───── Given records

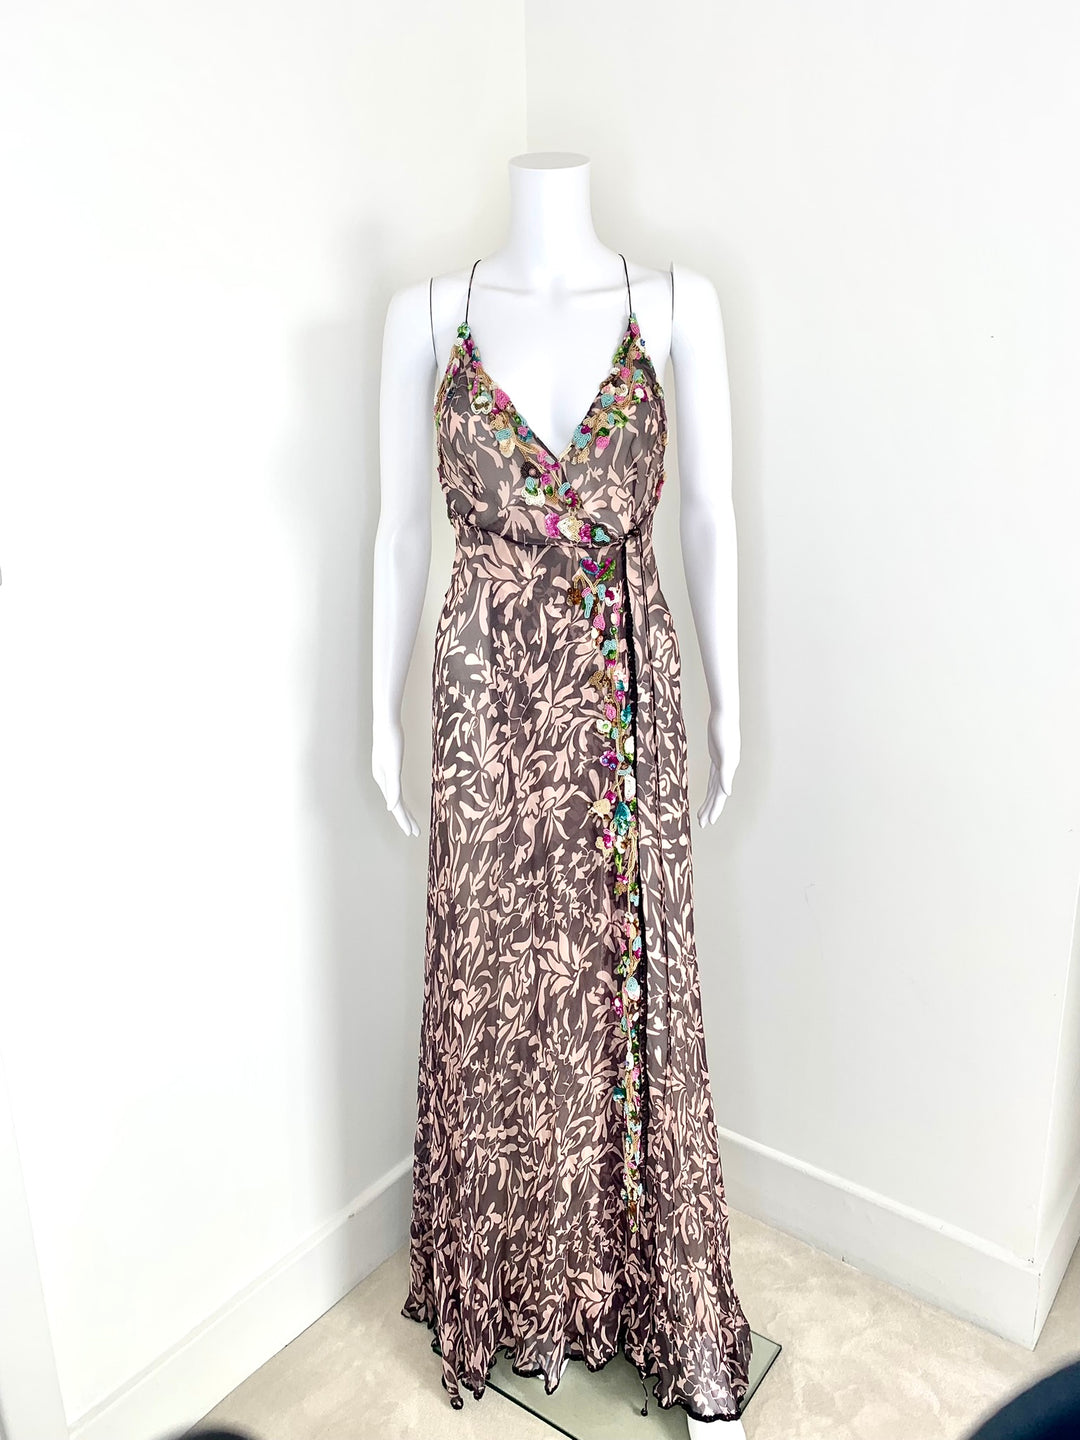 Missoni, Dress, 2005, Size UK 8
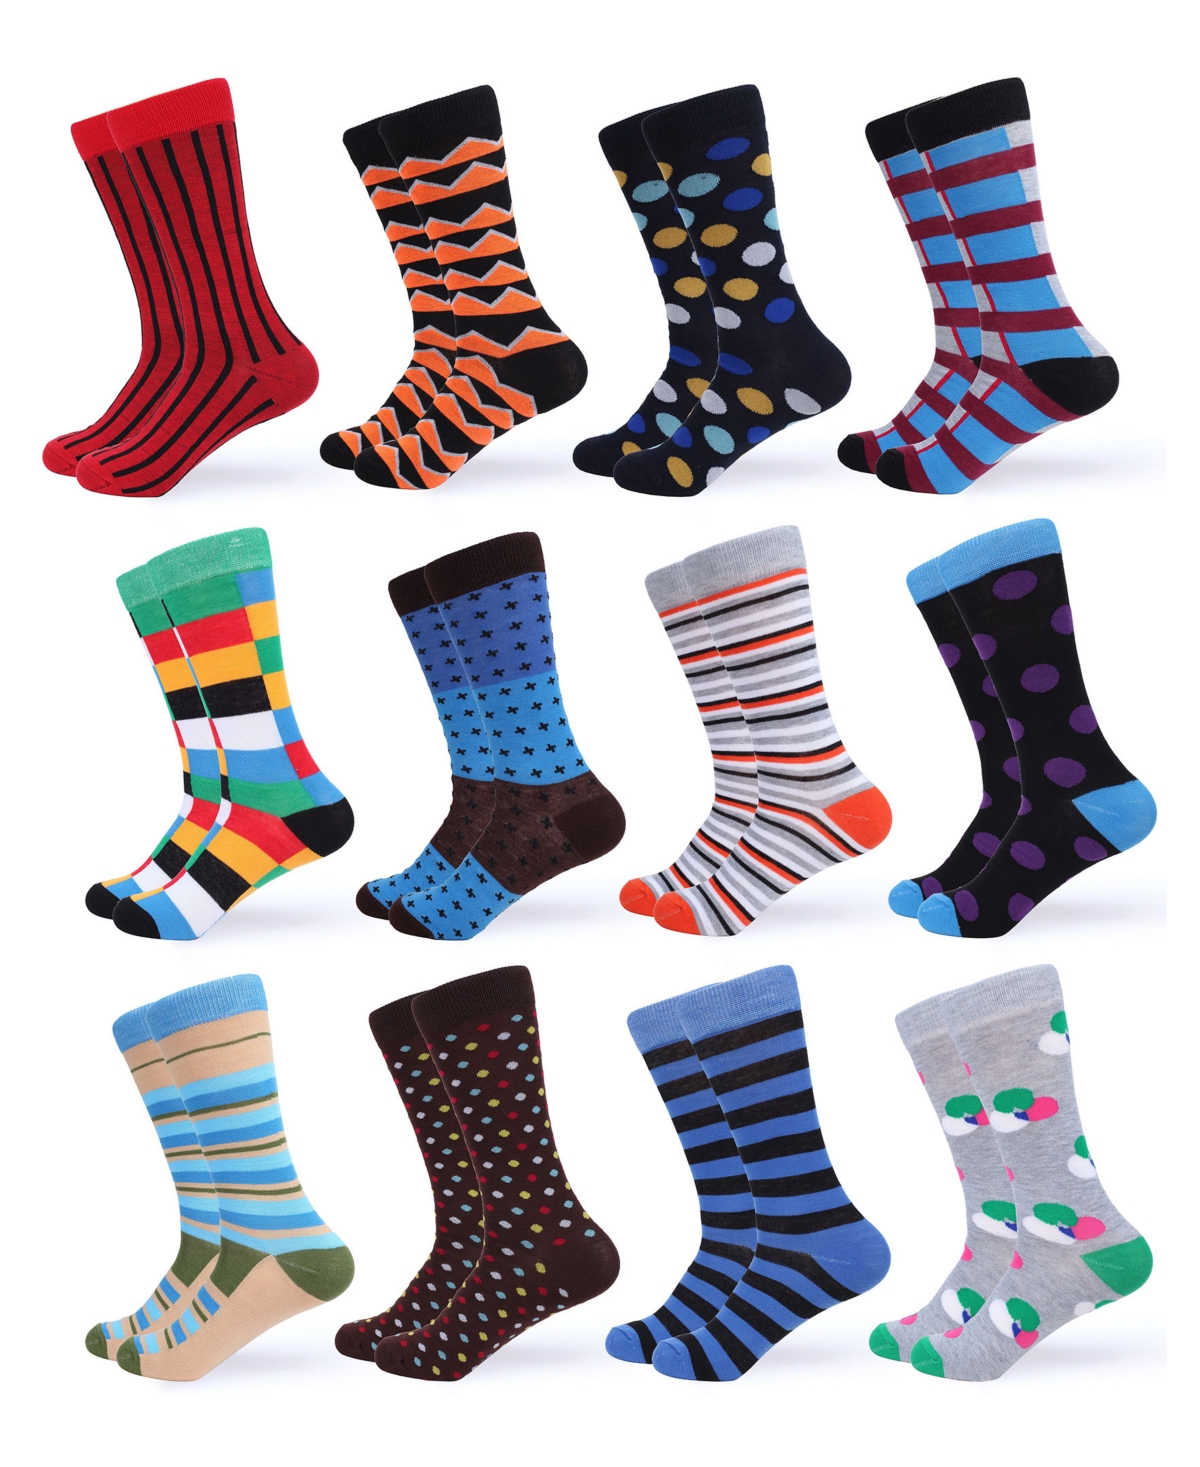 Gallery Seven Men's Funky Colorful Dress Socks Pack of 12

──────────
───── Given records

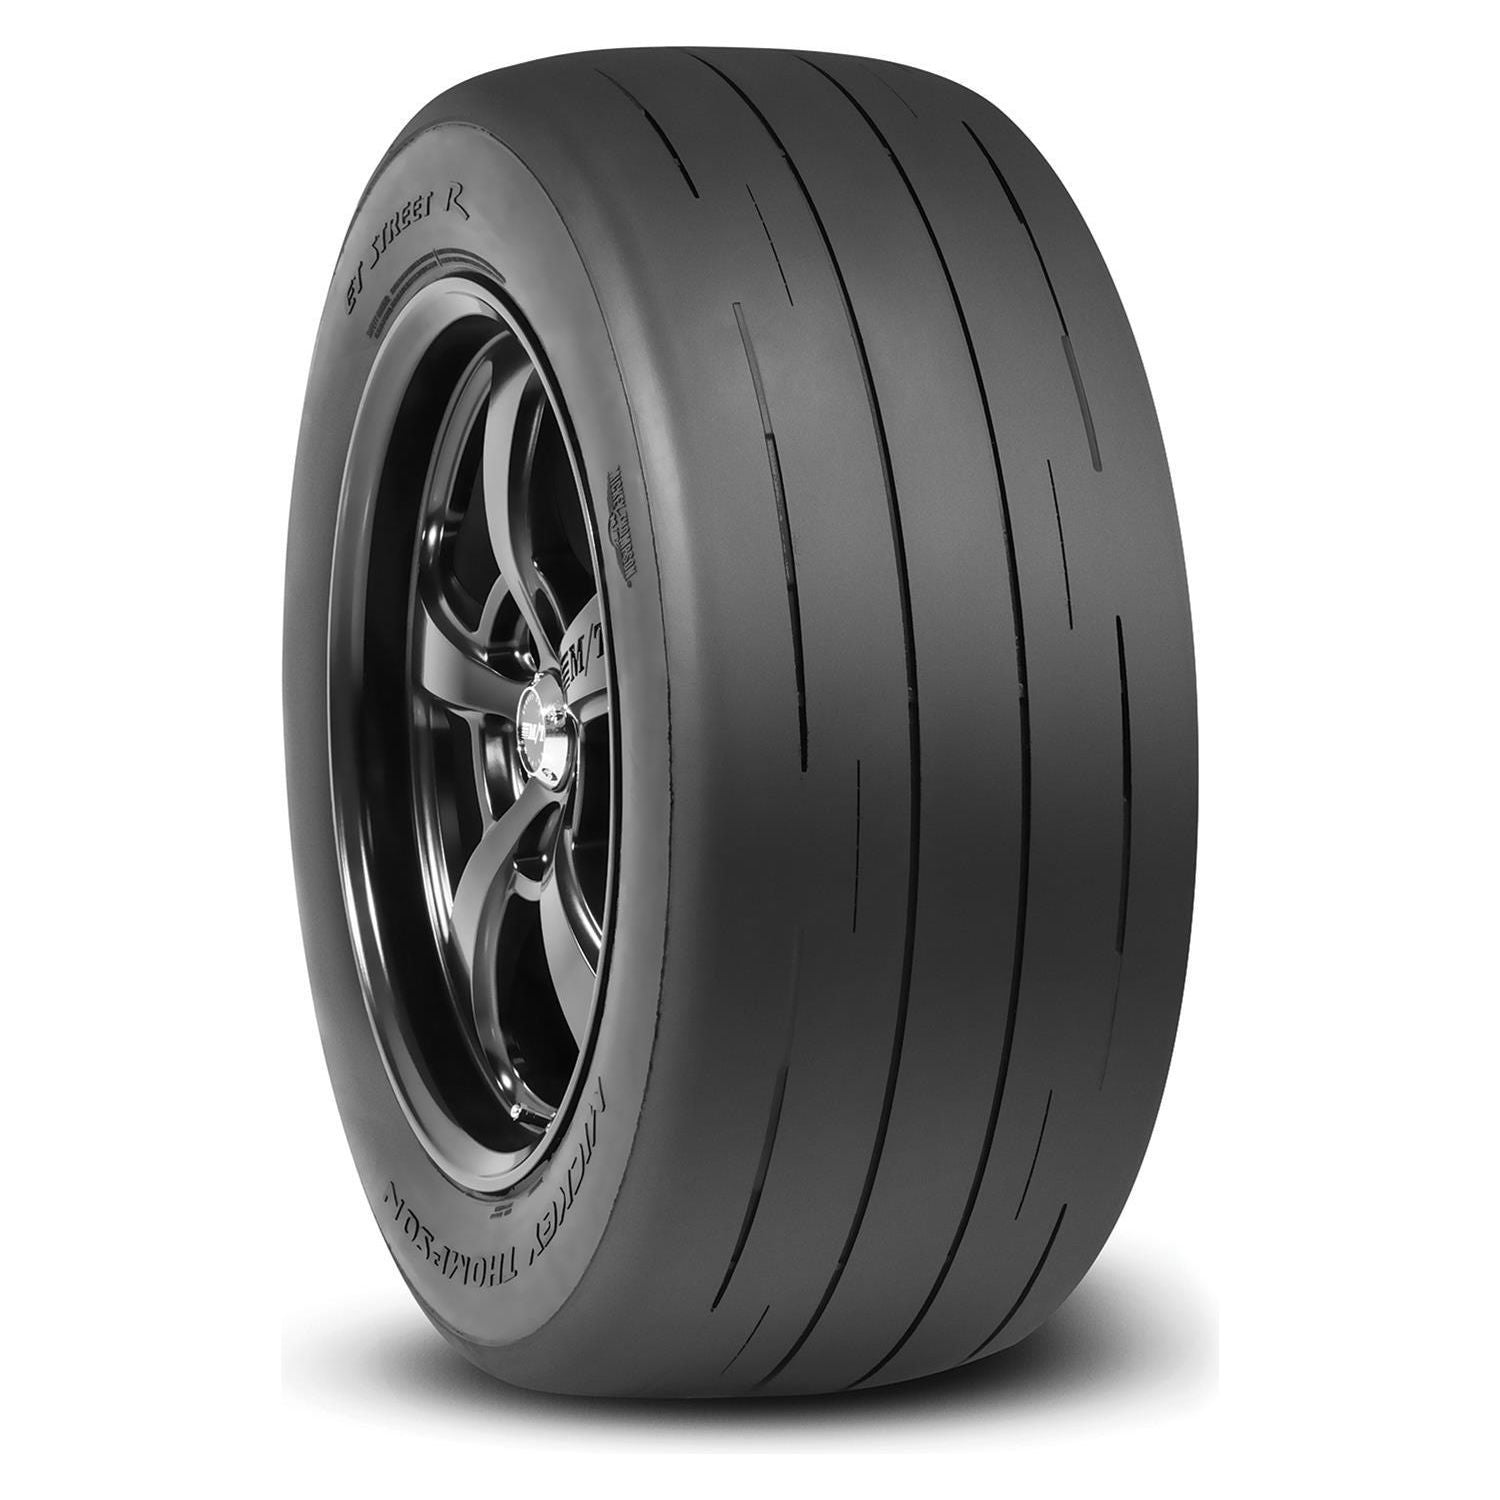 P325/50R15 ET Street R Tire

──────────

▶ [Task statement]: Copy nothing but the lines above that run from the one with "Missoni, Dress, 2005, Size UK 8" to the one with "Gallery Seven Men's", ends included; pictures stay out.

▶ [Task answer]:
 Missoni, Dress, 2005, Size UK 8
 Gallery Seven Men's Funky Colorful Dress Socks Pack of 12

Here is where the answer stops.